Certain infinities can grow faster than others, though. That's why L'Hôpital's rule works.

For example, the area of a square of infinite size will be a "bigger" infinity than the perimeter of an infinite square (which will in turn be a bigger infinity than the infinity that is the side length). "Bigger" in the sense that as the side length of the square approaches infinity, the perimeter scales like 4*x but the area scales like x^2 (which gets larger faster as x approaches infinity).

[–] Tja@programming.dev 3 points 10 months ago

Those are all aleph 0 infinities. There's is a mathematical proof that shows the square of infinity is still infinity. The same as "there is the same number of fractions as there is integers" (same size infinities).

[–] pineapplelover@lemm.ee 0 points 10 months ago* (last edited 10 months ago) (1 children)

It might give use different growth rate but Infinity is infinite, it's like the elementary school playground argument saying "infinity + 1" there is no "infinity + 1", it's just infinity. Infinity is the range of all the numbers ever, you can't increase that set of numbers that is already infinite.

[–] deo@lemmy.dbzer0.com 3 points 10 months ago* (last edited 10 months ago)

but in this case we are comparing the growth rate of two functions

oh, you mean like taking the ratio of the derivatives of two functions?

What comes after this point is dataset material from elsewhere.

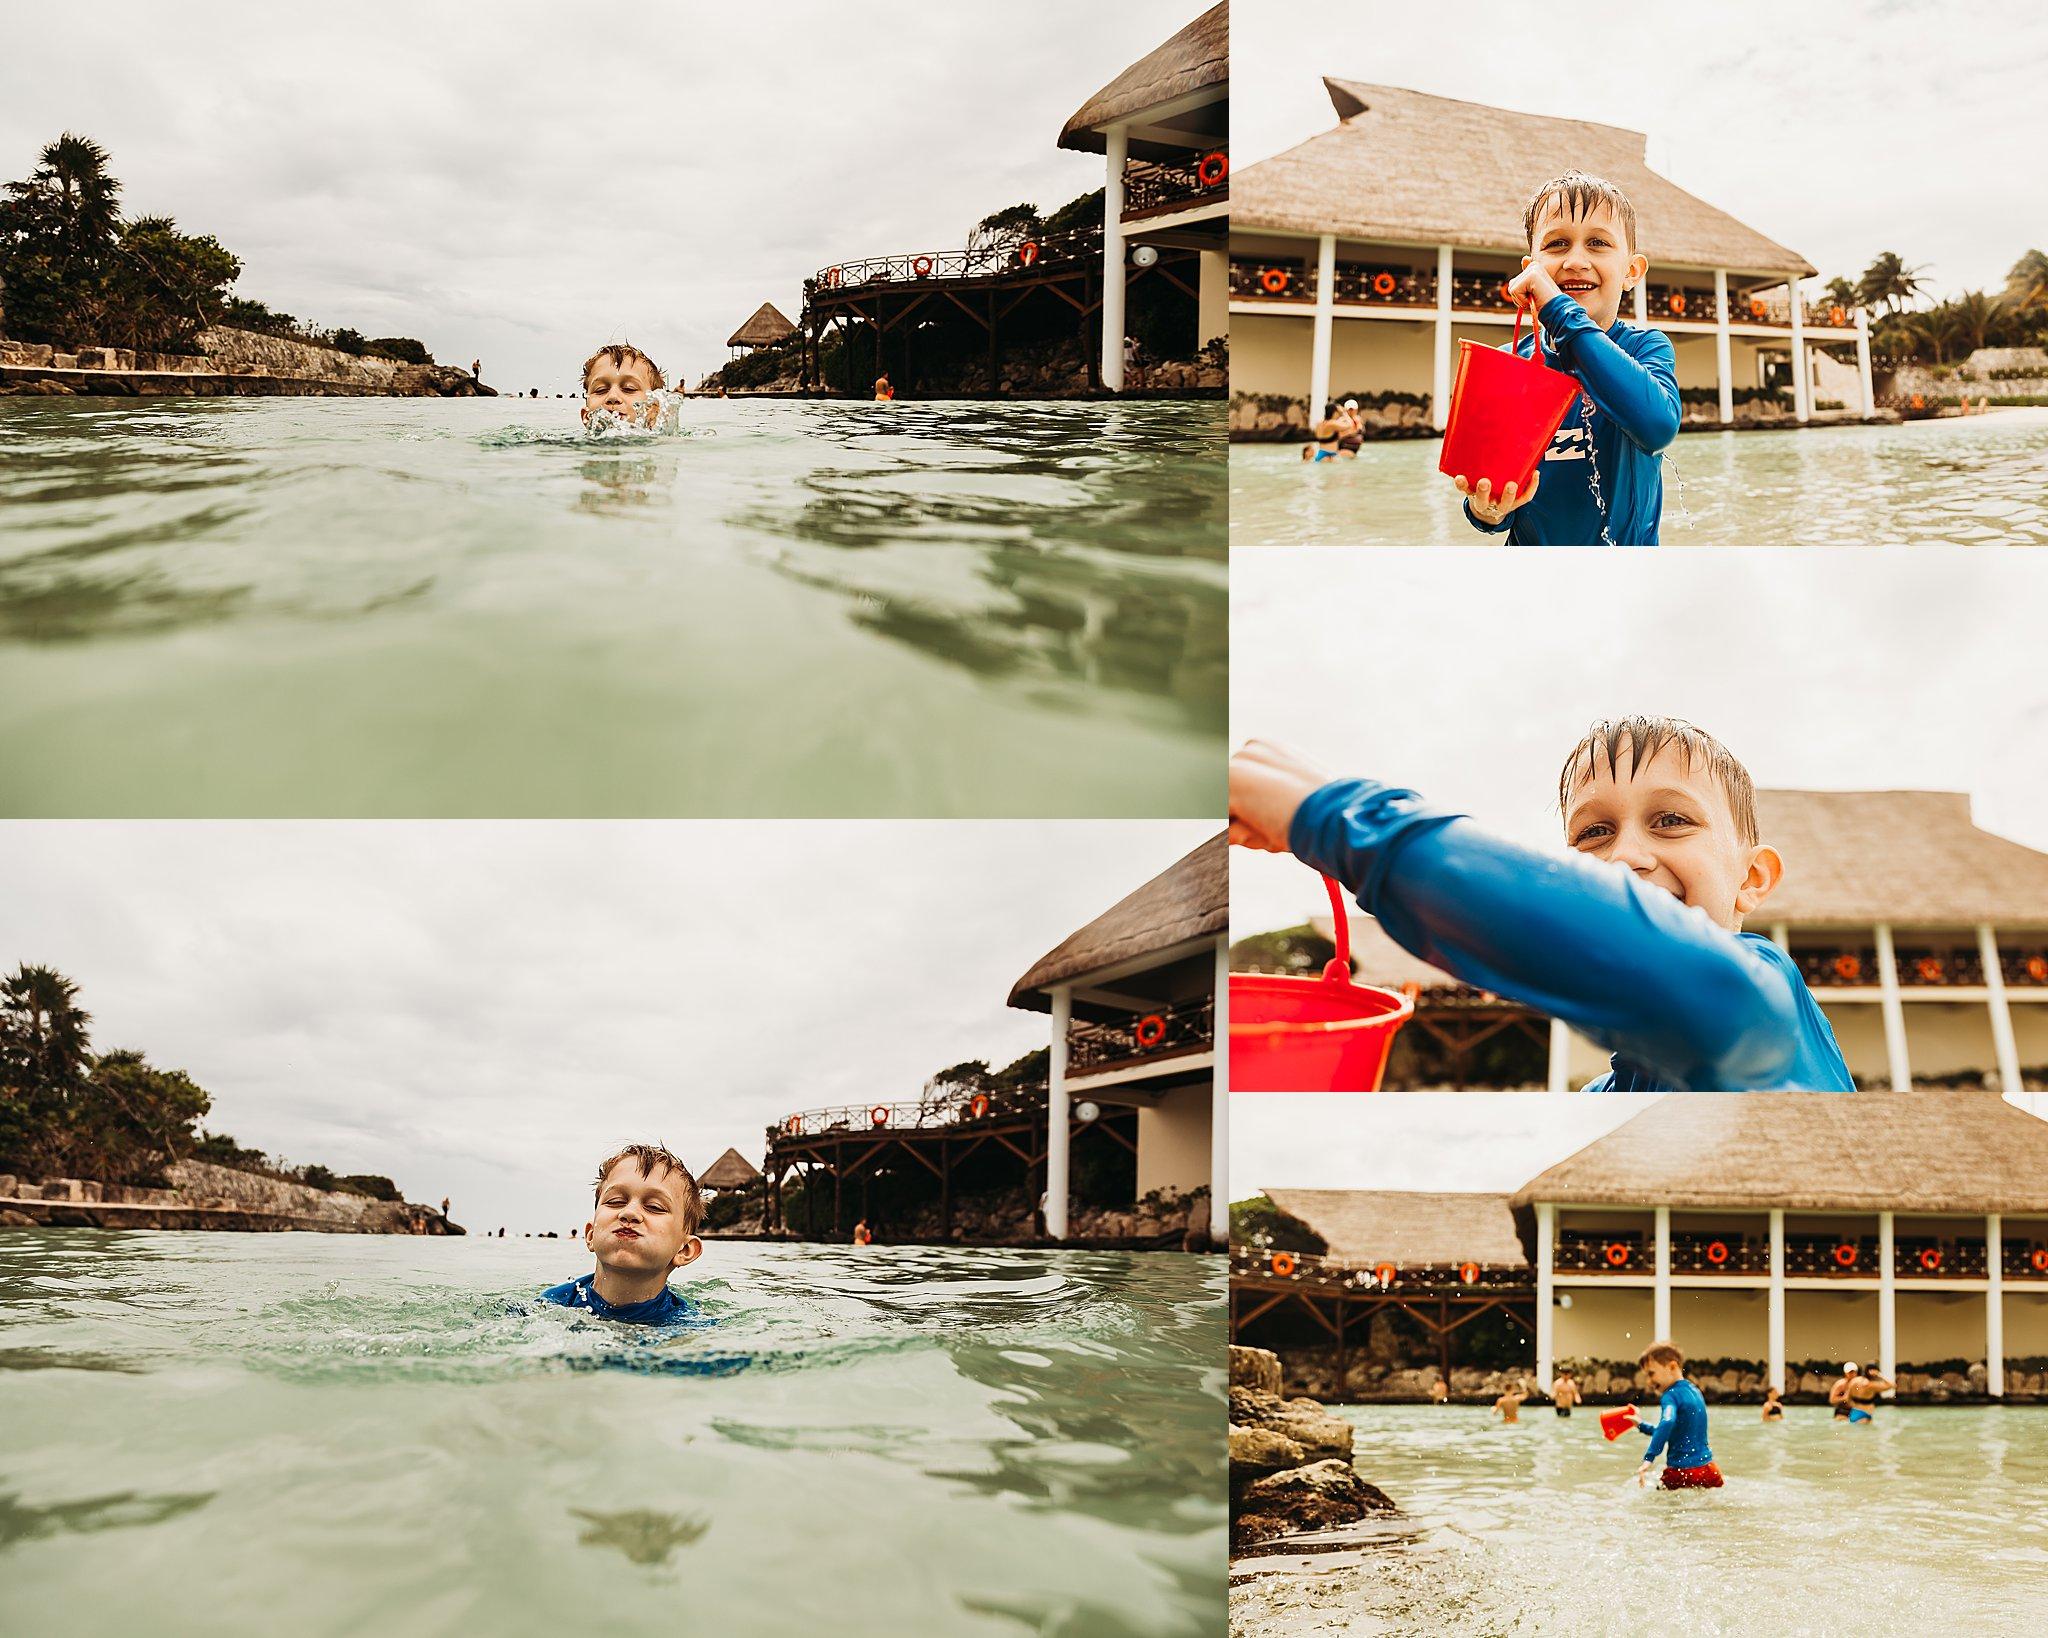 Mexico Vacation 2019 Anna Hurley Photography 44.jpg
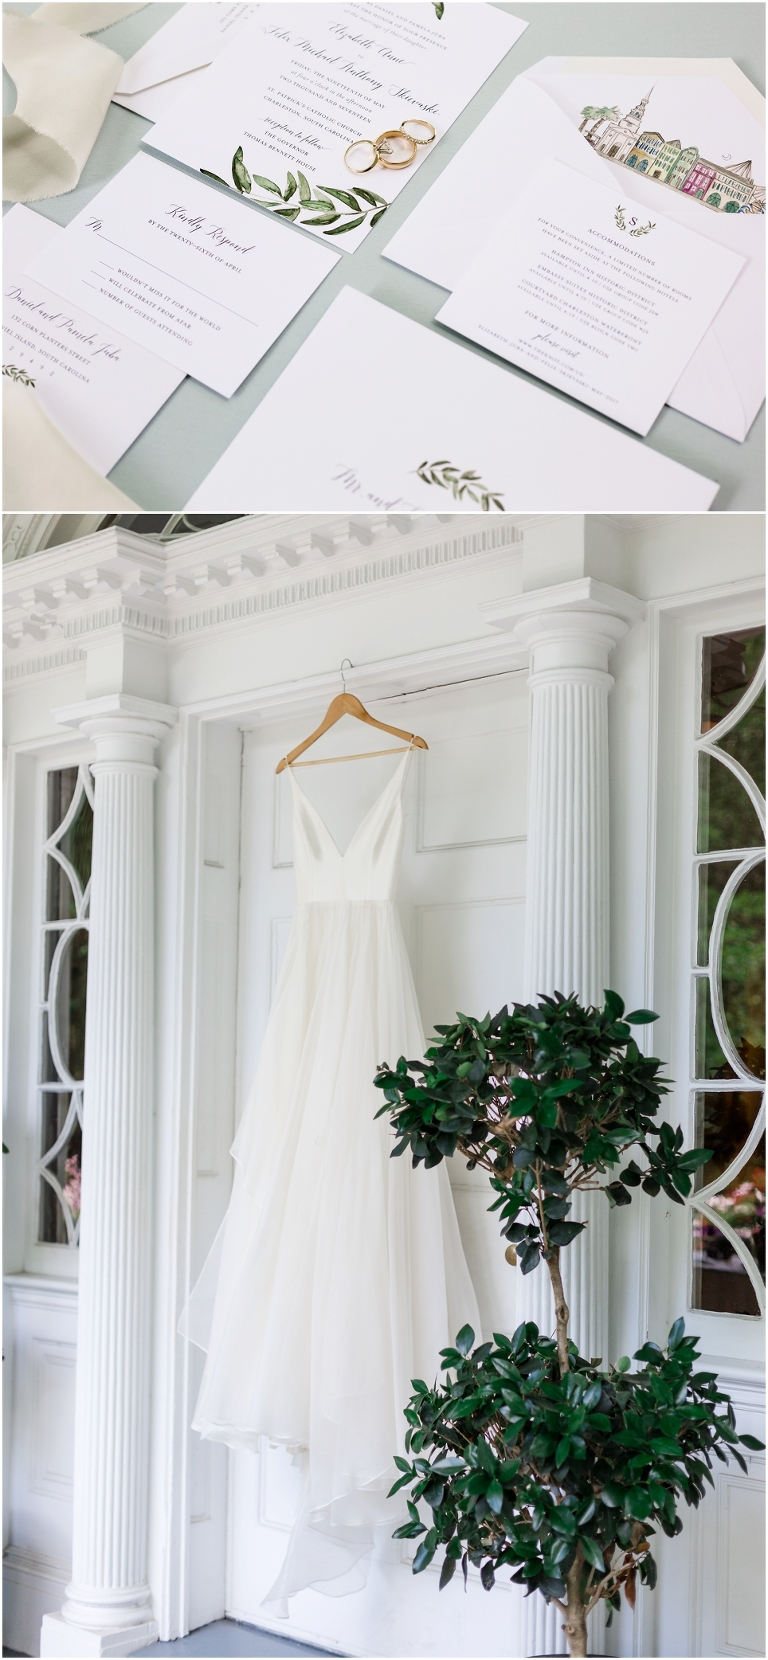 Thomas bennett house Wedding in Charleston

it's like the elementary school playground argument saying "infinity + 1" there is no "infinity + 1", it's just infinity

but that's not the scenario. The question is whether $100x is more valuable than $1x as x goes to infinity. The number of bills is infinite (and you are correct that adding one more bill is still infinity bills), but the value of the money is a larger $infinity if you have $100 bills instead of $1 bills.

Edit: just for clarity, the original comment i replied to said

Lhopital's rule doesn't fucking apply when it comes to infinity. Why are so many people in this thread using lhopital's rule. Yes, it gives us the limit as x approaches infinity but in this case we are comparing the growth rate of two functions that are trying to make infinity go faster, this is not possible. Infinity is infinite, it's like the elementary school playground argument saying "infinity + 1" there is no "infinity + 1", it's just infinity. Infinity is the range of all the numbers ever, you can't increase that set of numbers that is already infinite.